B) FINAL TASK OUTPUT: 
A JSON data structure containing:
- Timestamp-mapped phoneme data (millisecond precision)
- Corresponding viseme positions (mouth shapes)
- Head movement coordinates (x,y,z rotation values)
- Facial expression markers
Format: {timing: ms, phoneme: string, viseme: int, head_pos: [x,y,z], expression: float}

C) SUBAGENT INPUT:
- Voice-over MP3 URL
- Transcription with word-level timing
- Avatar reference image (to understand mouth/face structure)

E) SUBAGENT TASK SUMMARY:
1. Convert MP3 to WAV for analysis
   > #178 (Convert MP3 to WAV)

2. Generate detailed audio waveform
   > #179 (Create Visual Waveform)

3. Extract precise audio timing data
   > #198 (Get Transcription with Timings)

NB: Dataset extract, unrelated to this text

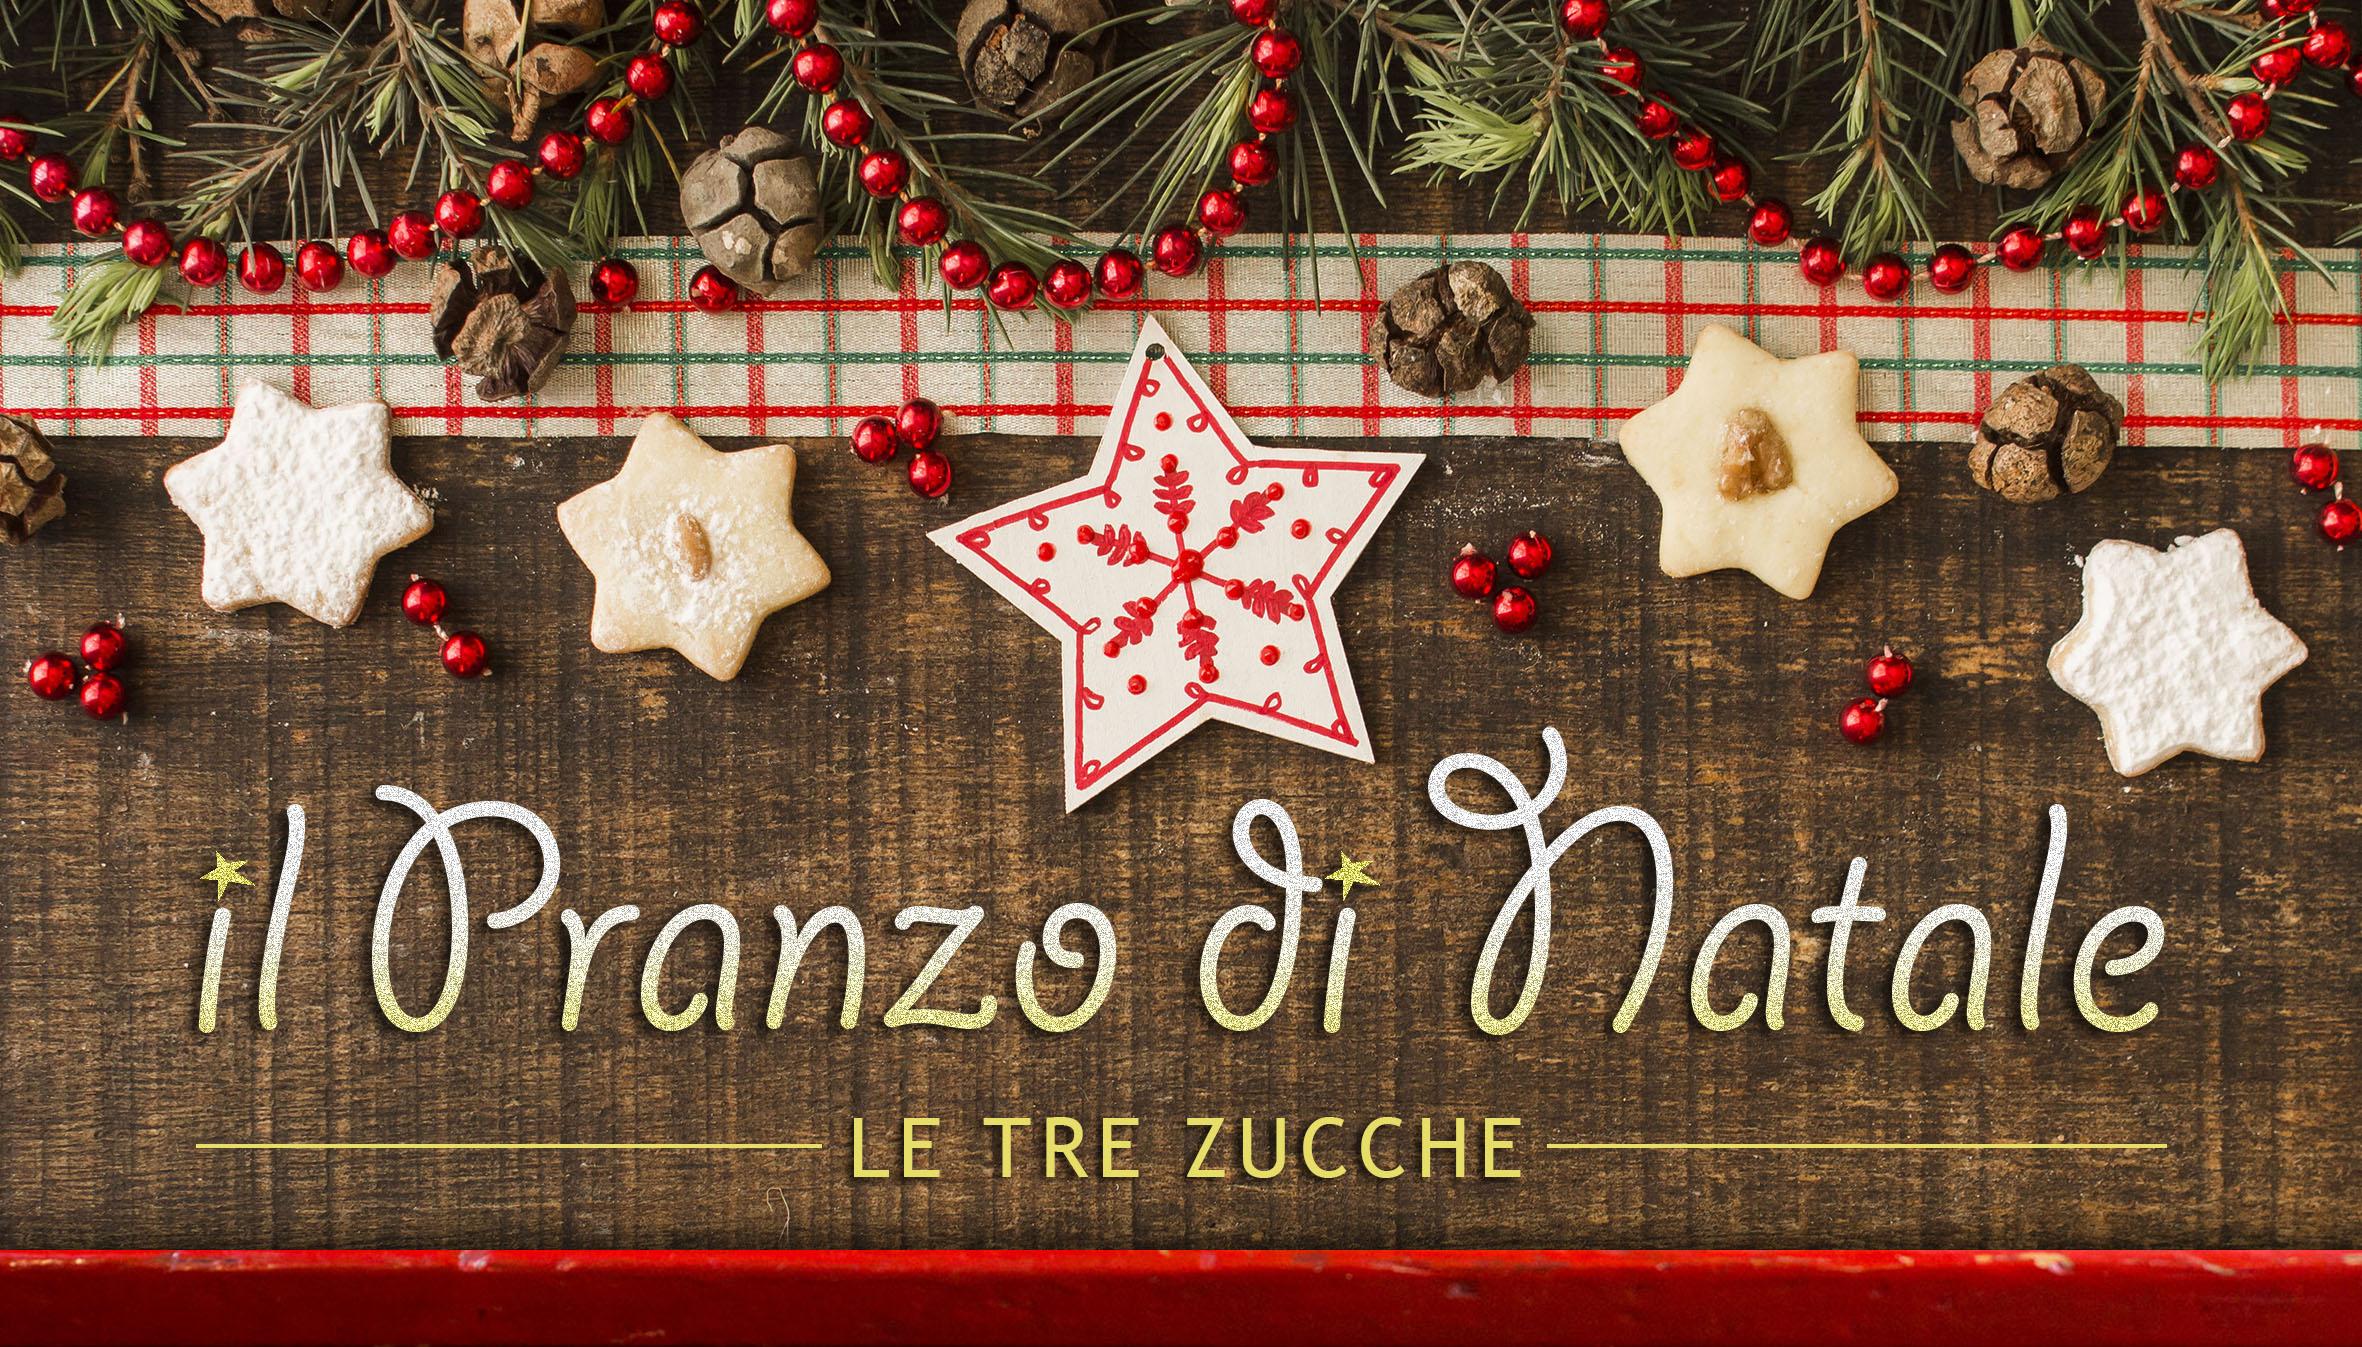 Un Menu Per Il Pranzo Di Natale.Il Pranzo Di Natale A Le Tre Zucche Le Tre Zucche

4. Analyze audio characteristics
   > #180 (Extract Beatpoints & Tempo)

5. Generate viseme mapping data
   > #223 (LLM to process audio analysis and generate viseme mappings)

F) SILOS:

SILO 1: AUDIO PREPARATION
- Input: MP3 URL
- Skill #178: Convert to WAV
- Skill #179: Generate waveform
Output: WAV file + waveform visualization

SILO 2: TIMING ANALYSIS
- Input: WAV from Silo 1
- Skill #198: Get precise transcription
- Skill #180: Extract timing data
Output: Detailed timing data

SILO 3: VISEME MAPPING
- Input: Timing data + Avatar reference
- Skill #223: Process data and generate viseme mappings
Output: Final JSON animation data

Note: The limitation here is that while we can generate the precise timing data, creating accurate viseme mappings requires a custom solution beyond the current skill set. The LLM (#223) can help structure the data, but additional development would be needed for precise mouth shape calculations.

4 Template & Links

Expand Flow

Let me break down the VideoAssemblerPro subagent following your guidelines:

A) SUBAGENT SUMMARY: 
A specialized video assembly agent that combines an AI avatar image with voice-over audio and lip-sync data to create a synchronized talking head video output.

B) FINAL TASK OUTPUT:
An MP4 video file (1920x1080) featuring a speaking AI avatar with synchronized lip movements and natural head movements, duration matching the input audio file length, with clear audio quality at 48kHz.

C) SUBAGENT INPUT:
- PNG file URL of the AI-generated avatar image
- MP3 file URL of the voice-over audio
- Text transcription with timing data (for lip-sync alignment)

D) SUBAGENT TASK SUMMARY:
Input > #198 Get Transcription Of MP3 (With Timings) > #168 Generate Talking Head Video From MP3 & transcription > #199 Add Images & Videos On Top Of Existing MP4 > Final MP4 Output

The flow works like this:
1. First, get precise timing data from the audio using #198
2. Use #168 to generate the base talking head video
3. Use #199 to enhance the video with any additional overlay elements

F) SILOS:
SILO 1: AUDIO PREPARATION
- Input: MP3 voice-over file
- Skill: #198 (Get Transcription Of MP3 With Timings)
- Output: Precise transcription with timing data

SILO 2: BASE VIDEO GENERATION
- Input: MP3 + transcription
- Skill: #168 (Generate Talking Head Video)
- Output: Base MP4 with synchronized lip movements

SILO 3: VIDEO ENHANCEMENT
- Input: Base MP4 + avatar PNG
- Skill: #199 (Add Images & Videos On Top Of Existing MP4)
- Output: Final enhanced MP4 video

Note: This workflow assumes skill #168 has built-in lip-sync capabilities. If it doesn't, we would need an additional specialized lip-sync processing step before video generation, but this isn't currently available in the skill list.

The main advantage of this approach is that it uses proven skills (#168, #198, #199) rather than requiring new unproven ones, while still achieving the core objective of creating a synchronized talking head video.